Users don’t have to download an app to see the augmented reality content; they can simply access it through the browser on their phone.
Since this AR does not require downloading an App, users can save space on devices with limited storage.
Appless AR has stability issues
This is where appless AR has some significant downsides.
Generally, appless AR is much less stable than app-based AR. This is because web browsers are sometimes unable to handle the high demand for augmented reality content, which can result in glitches and crashes.
The most common effect is ‘wobble’ where the virtual content has a tremor, or shimmer to it, even though the real world is still.
Appless AR loses tracking
This might sound like a small issue, but for users, augmented reality that loses tracking creates a frustrating, interrupted experience, that greatly reduces the excitement of the moment.
Losing tracking means that the augmented reality display has lost its anchor point – the place where it is ‘virtually attached’ and usually means the experience completely stops, and users have to start again.
This is a common problem for Appless AR, and tends to happen in two scenarios:
- When users move their phones while viewing Appless AR, or
- When the object target or image target moves
App-based AR rarely loses tracking
App-based augmented reality, on the other hand, performs remarkably well in both cases. Losing tracking can still happen, but it’s pretty rare, unless a person moves away from the target quickly or far enough.

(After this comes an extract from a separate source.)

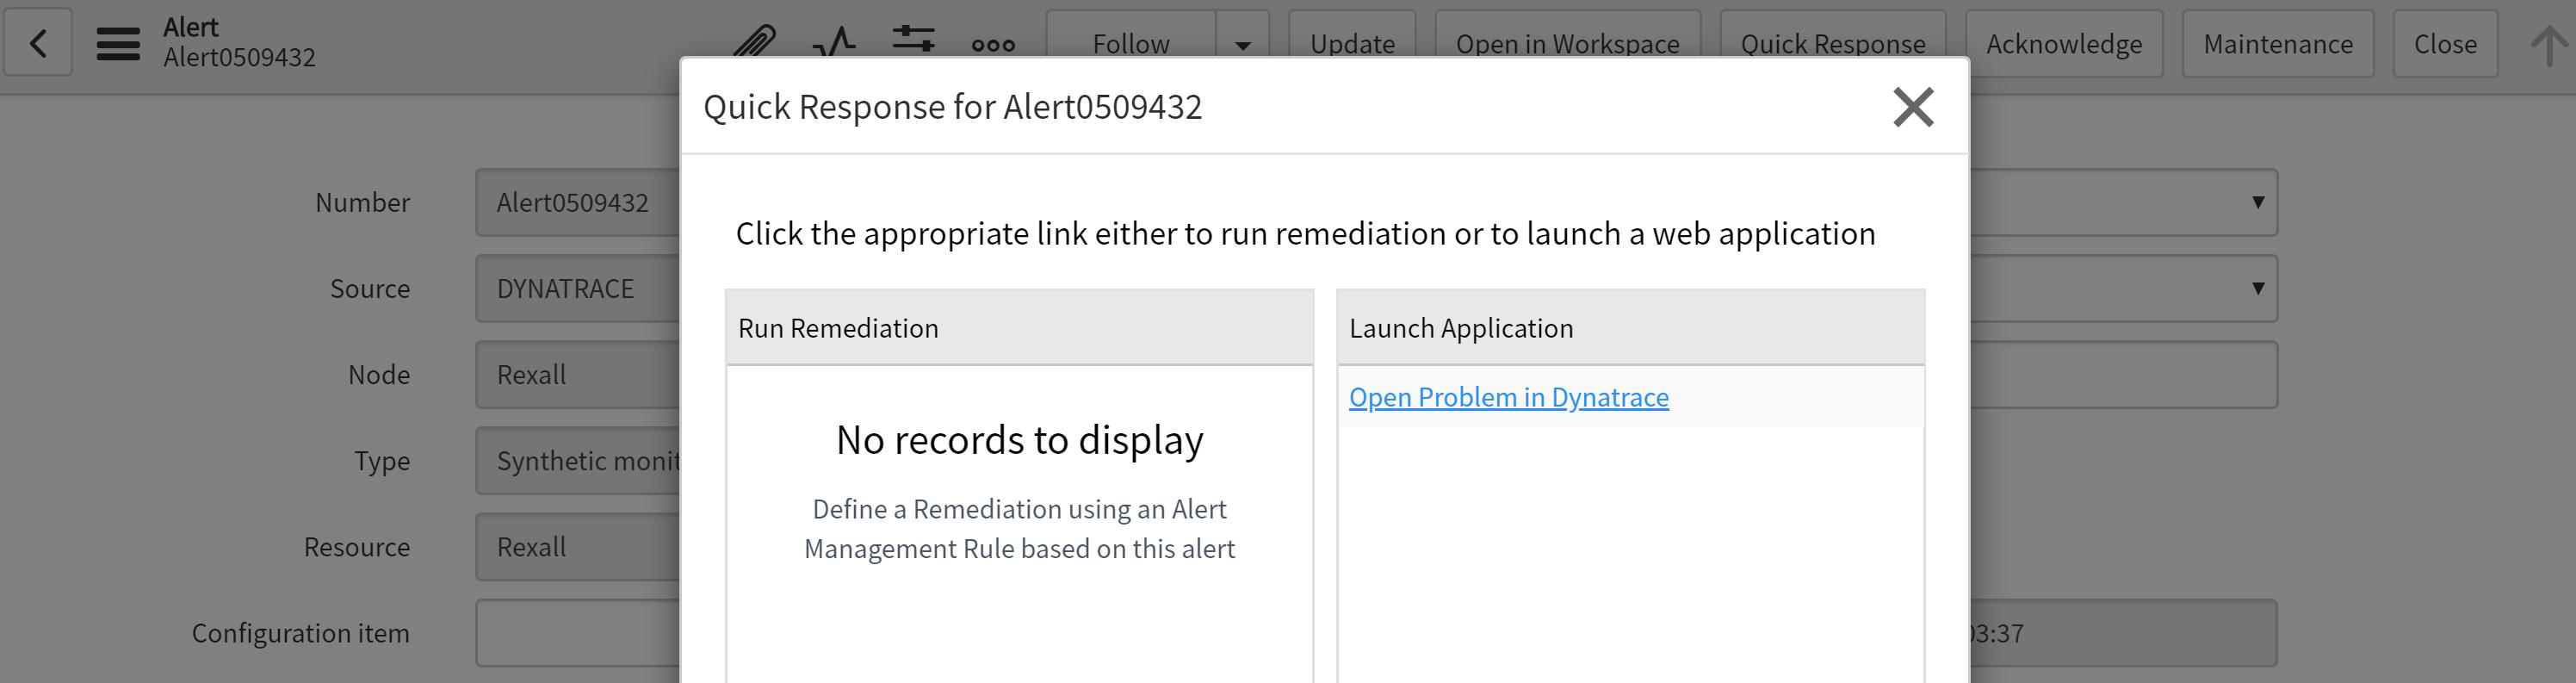 Open Dynatrace problem from ServiceNow alert
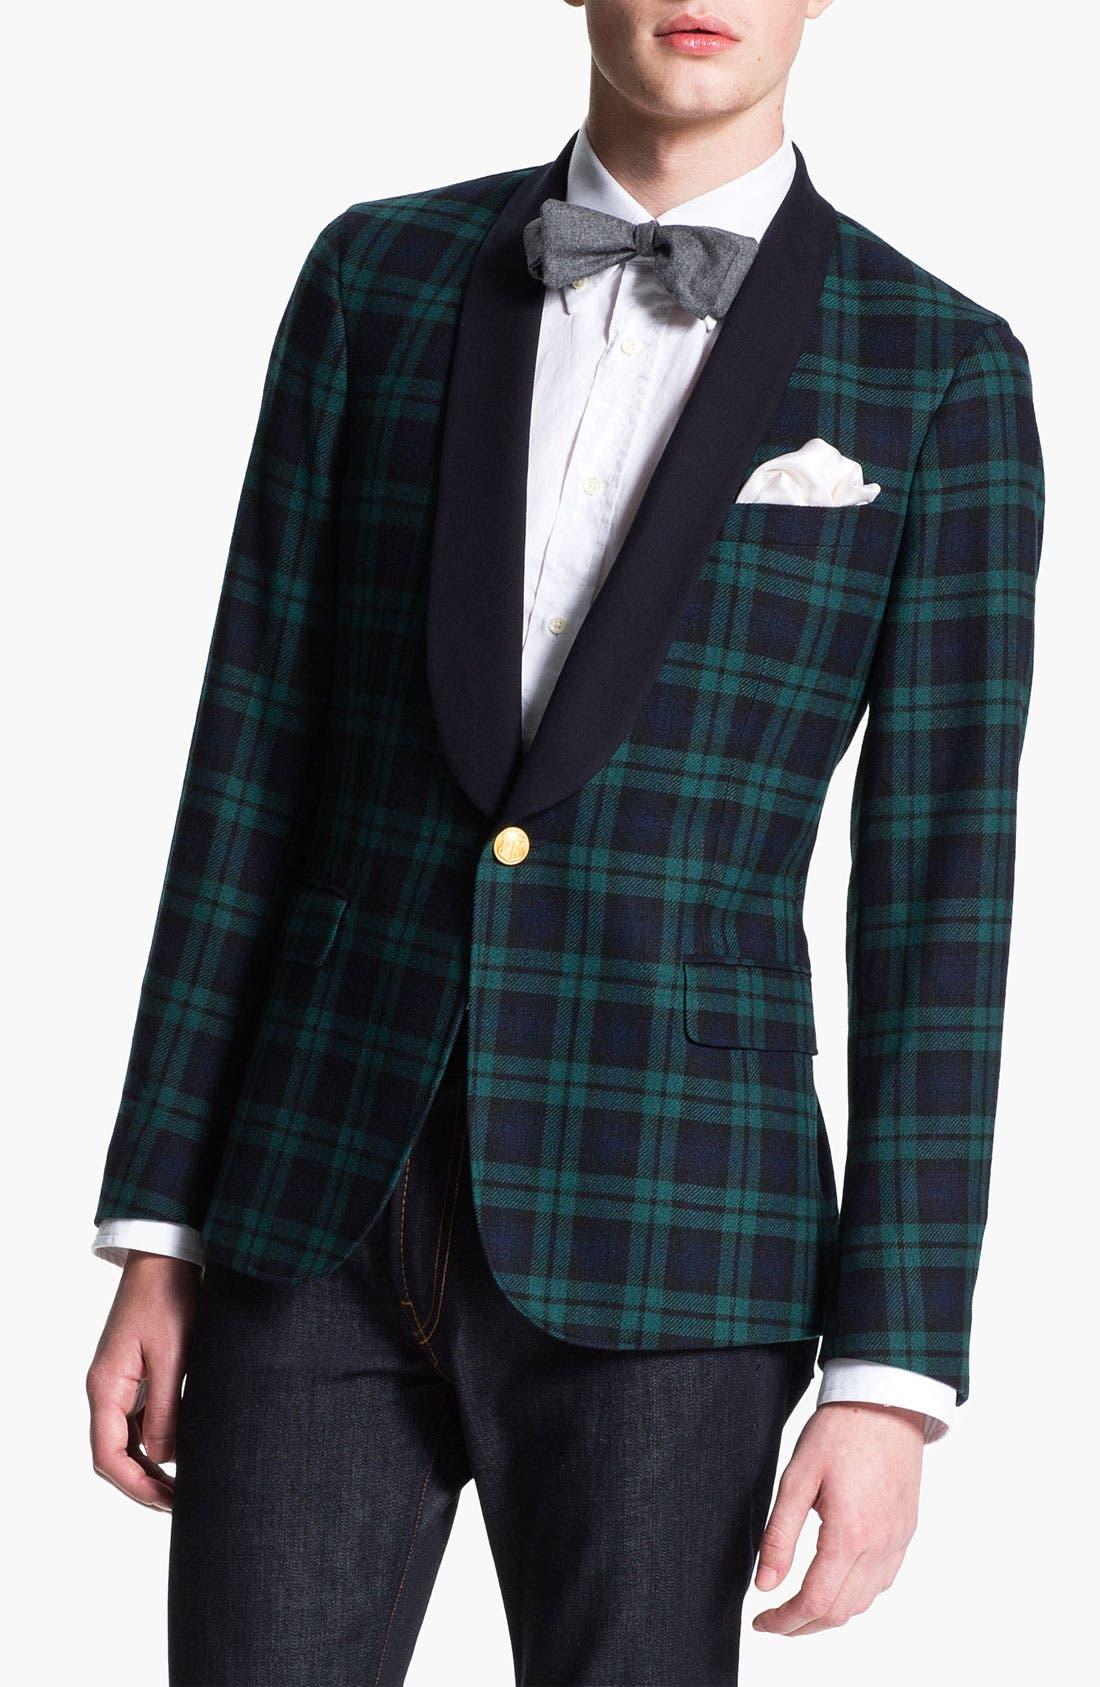 Alternate Image 1 Selected - Gant Rugger 'Black Watch Tux' One Button Blazer

See the unwavering tracking demonstration of App-based augmented reality, from Immertia
…its highly unlikely that brands will take to appless augmented reality any time soon. The limitations far outweigh the convenience…
Social media sharing is still a problem for Appless AR
Social Media is (still) a problem.
Because appless AR depends on a browser, it’s important that every browser is compatible. The main ones Chrome, and Safari are generally compatible with all versions of appless AR.
But social media channels like Facebook and LinkedIn use their own browsers when links are opened from their sites, and that’s a bit of an issue. Up till recently opening appless AR in one of those browsers would not work. Ever.
Fortunately, everyone’s working together to get the compatibility issue sorted, and there’s a lot of headlines saying that it’s been solved, but that’s not the case, there are many situations out there for which this is still problematic.
“As you know, you should copy and paste this link into your browser as LinkedIn is not friendly to immersive experiences” – this was a message we received from a web AR team, in 2022, sharing some concepts with our team.
For your situation
So, which is better: app-based AR or web-based AR?
The answer depends on the needs of the business. App-based AR is more customizable and offers better quality than Appless AR, making it a good choice for businesses that want high-quality augmented reality experiences.
However, Appless AR is more convenient than app-based AR, making it a good choice for businesses that need to quickly deploy an AR experience with minimal setup time.
Ultimately, it is important to consider both options before deciding which is best for a particular situation.